Two novel radiochromic films with 20 μm thickness were made from casting of solutions of polycarbonate (PC) containing 0.5 wt.% tetra phenyl porphyrin (TPPH2) and 5,10,15,20-tetraphenyl-21H,23H-porphine iron(III) chloride (Fe-TPP). Dosimetric characterization of the films as routine dosimeters were studied by spectrophotometric method. On subjecting TPPH2/PC and Fe-TPP/PC film dosimeters to gamma radiation, radiolytic bleaching of films was observed.
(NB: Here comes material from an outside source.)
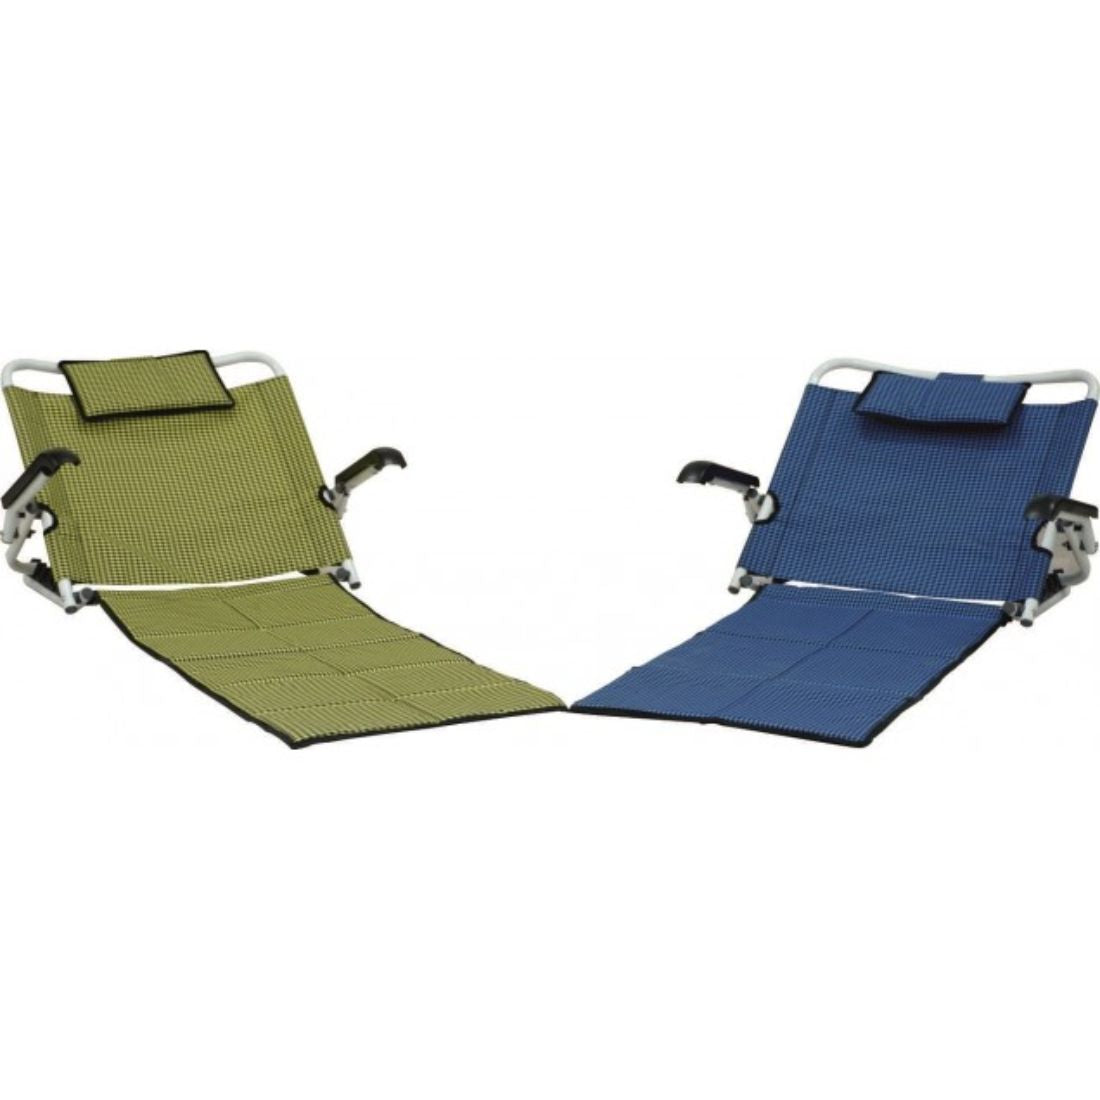 Backrest for Bed with Armrest & Mat - Adjustable Bed Backrest

The effects of metal-complexation on the radiation response of the film dosimeters were studied under 60Co γ-rays exposure in dose range of 0–100 kGy. The results were also compared with the PC/TPPF20 (PC/tetrakis (pentafluorophenyl) porphyrin) dosimeter to evaluate the substituent effect (role of fluorine groups). Experimental parameters including humidity, temperature and pre-irradiation (shelf-life) and post-irradiation storage in dark and in indirect sunlight were examined. The maximum absorbance of Soret band of dyes had meaningful shifts and reduction which arose from complexation and substituents. The dyed films characteristics were found to be stable enough in media with high degrees of temperature and humidity. The results indicate that the radiation-induced decoloration of TPPH2/PC and Fe-TPP/PC films can be reliably tuned and used in high dose dosimetry.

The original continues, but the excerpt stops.